RIVALS IN FUR:
COMPETING TRADE SHOWS PUT LOCAL FURRIERS IN A TOUGH SPOT.
The claws are out. Montreal’s once flourishing fur industry, fighting for market share, is also mired in infighting.
Two rival trade shows have sprouted in the wake of last year’s demise of NAFFEM — the North American Fur and Fashion Exhibition Montreal — leaving fur manufacturers caught in the middle.
On one side is the Fur Council of Canada and its longtime executive vice-president, Alan Herscovici, which ran NAFFEM for 31 years before reinventing the trade show this season as StyleLab, targeting luxury boutiques as fur is increasingly integrated into fashion collections.
On the other side is Mitch Fazekas of Mitchie’s Matchings, a fur accessories company, who, working with partners, is rolling out the Outerwear Extravaganza Sunday in Montreal.

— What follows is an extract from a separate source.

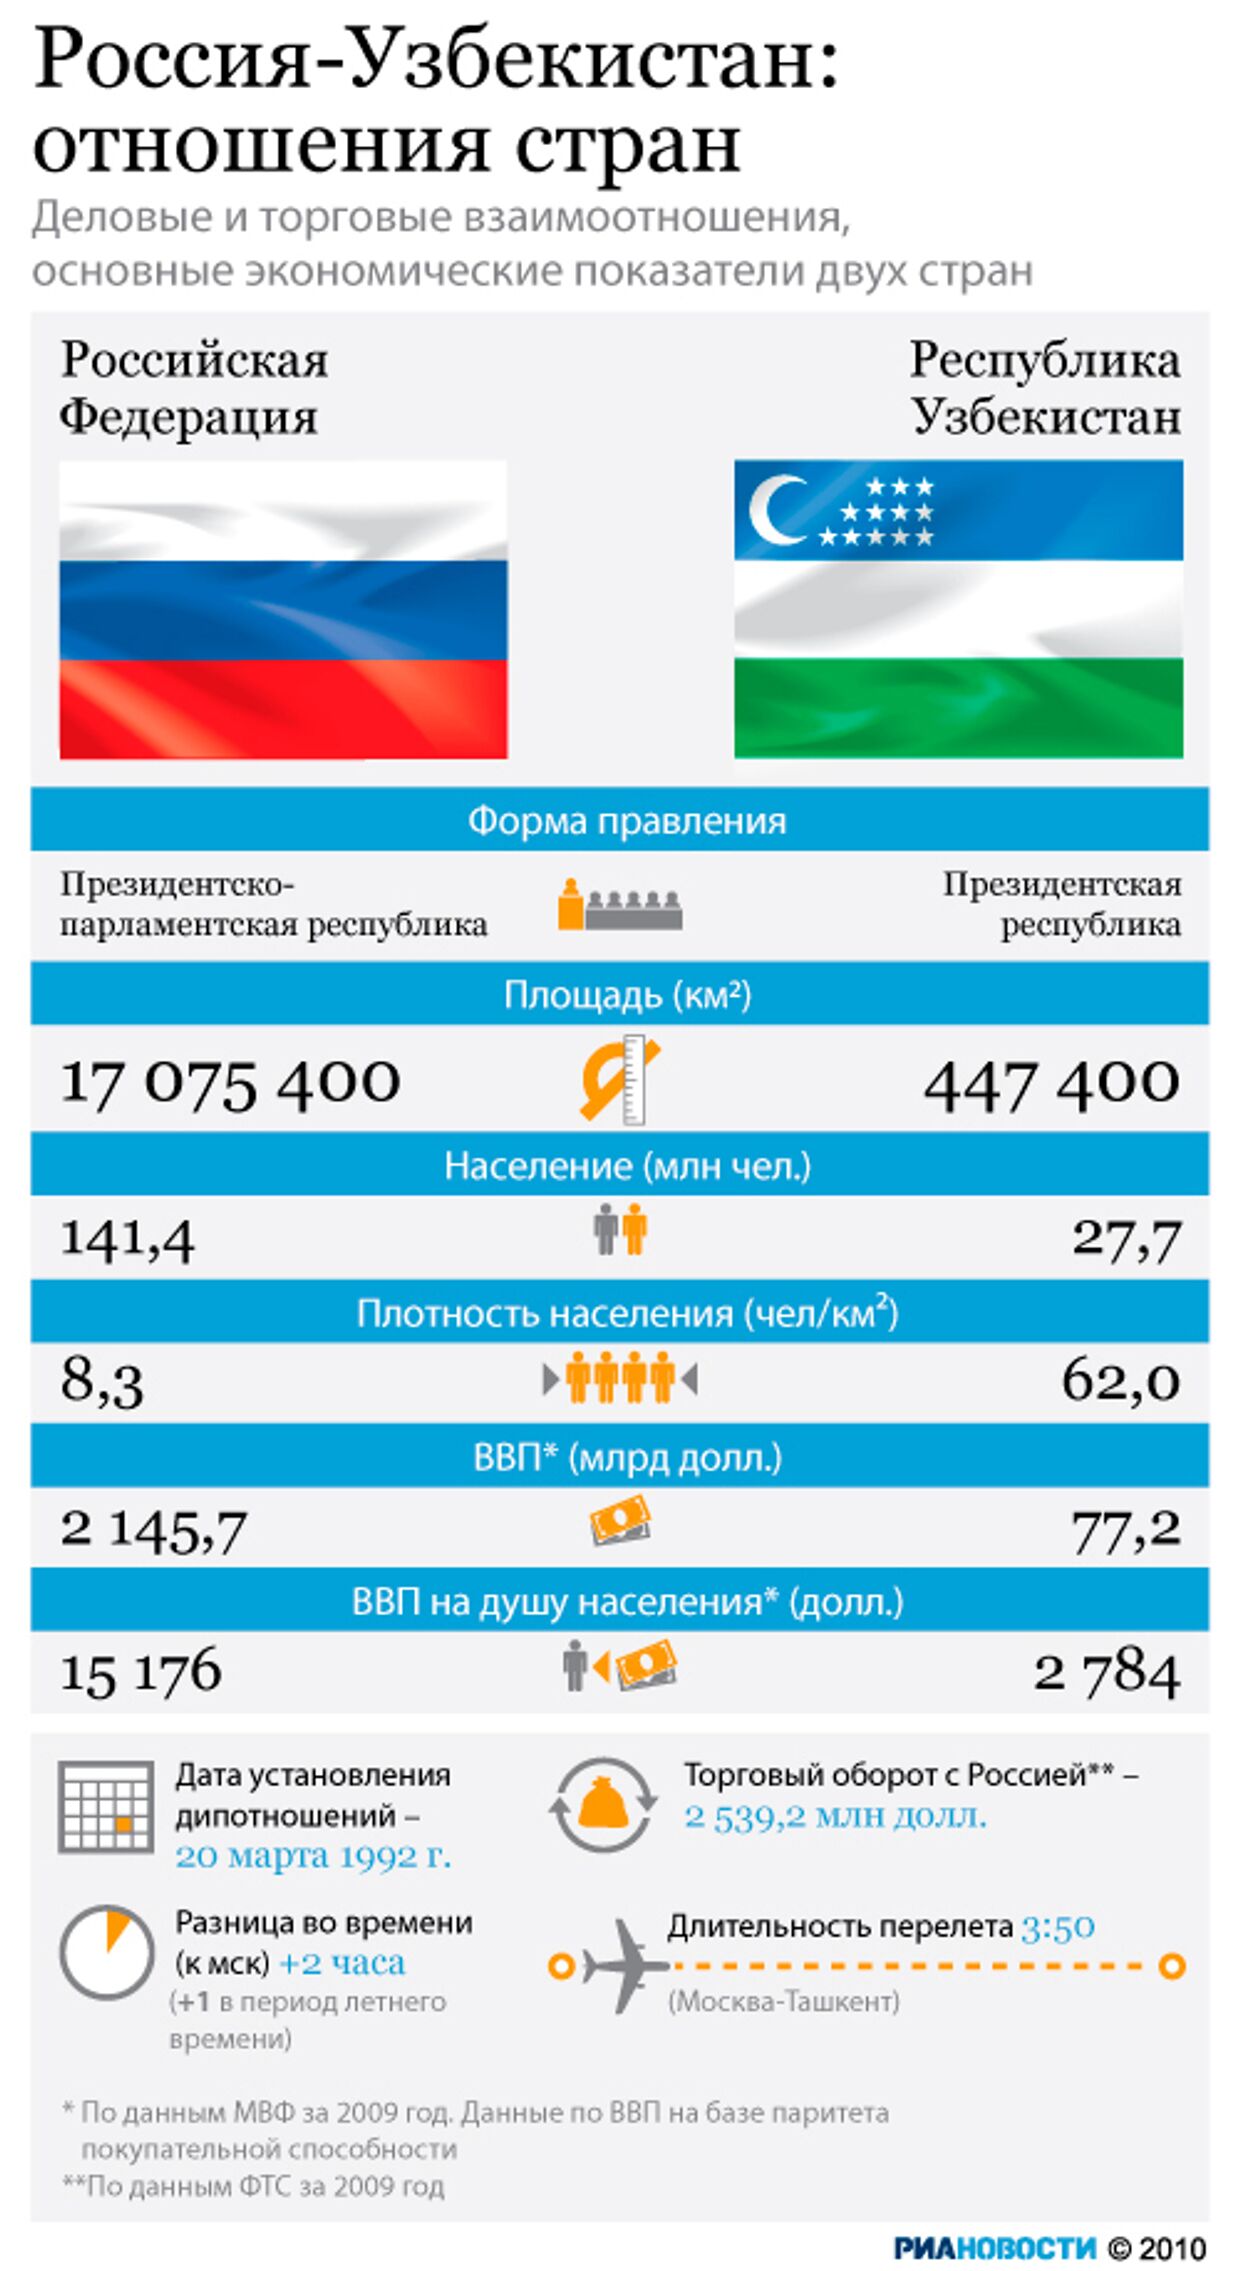 Россия-Узбекистан: отношения стран

Last year, Fazekas helped organize a trade show in Chicago to rival NAFFEM, drawing away furriers and retailers from Montreal and beyond. “I really want to see one show,’’ said an impassioned Angelo Argiriou, one of four brothers in a family firm that has made fur garments since 1980. Sitting in a red velvet chair in the storefront of his small Bleury St. factory, Argiriou recalled the glory days of the fur industry — and its decline. He was disappointed, to put it mildly, in the fur council’s show.
“You call it StyleLab,” he said, growing more heated. “This is a different direction, making us (furriers) disappear. Where is the fur?

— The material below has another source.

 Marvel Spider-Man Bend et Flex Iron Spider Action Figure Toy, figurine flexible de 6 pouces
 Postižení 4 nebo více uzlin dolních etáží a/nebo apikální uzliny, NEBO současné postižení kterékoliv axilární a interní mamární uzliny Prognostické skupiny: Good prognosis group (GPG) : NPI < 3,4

“Boutique is boutique. I am selling fur.”
At StyleLab last month, Dominic and Joe Sciortino of Luna Furs also lamented the divided market.

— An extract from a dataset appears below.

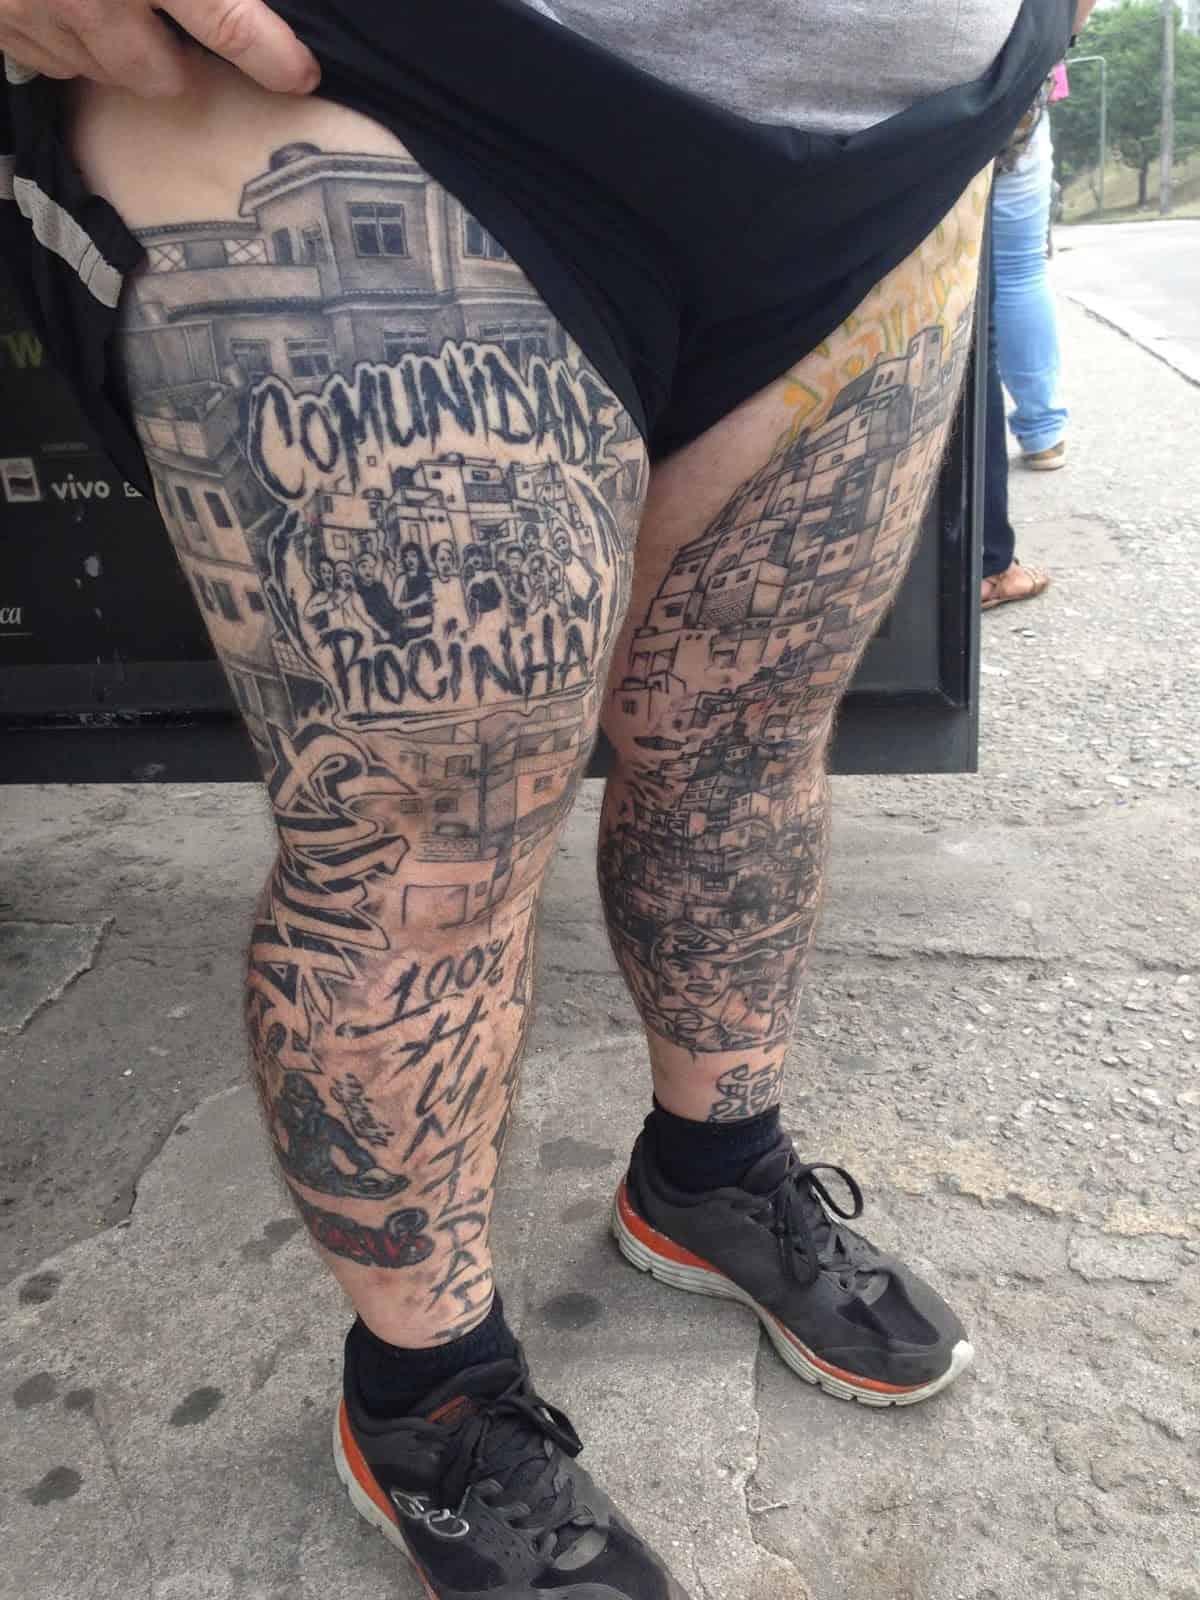 Some of Zezinho’s tattoos at Rocinha favela, Rio de Janeiro, Brazil

“We have no choice. We’re in business,’’ Joe Sciortino said of their decision to do both Montreal shows, as well as Chicago.
In Montreal, everybody will suffer, the Sciortino brothers agreed.
Although Fazekas has said he wanted to save the industry, Dominic Sciortino is not convinced. “I don’t know how he’s going to save the industry by splitting it up.”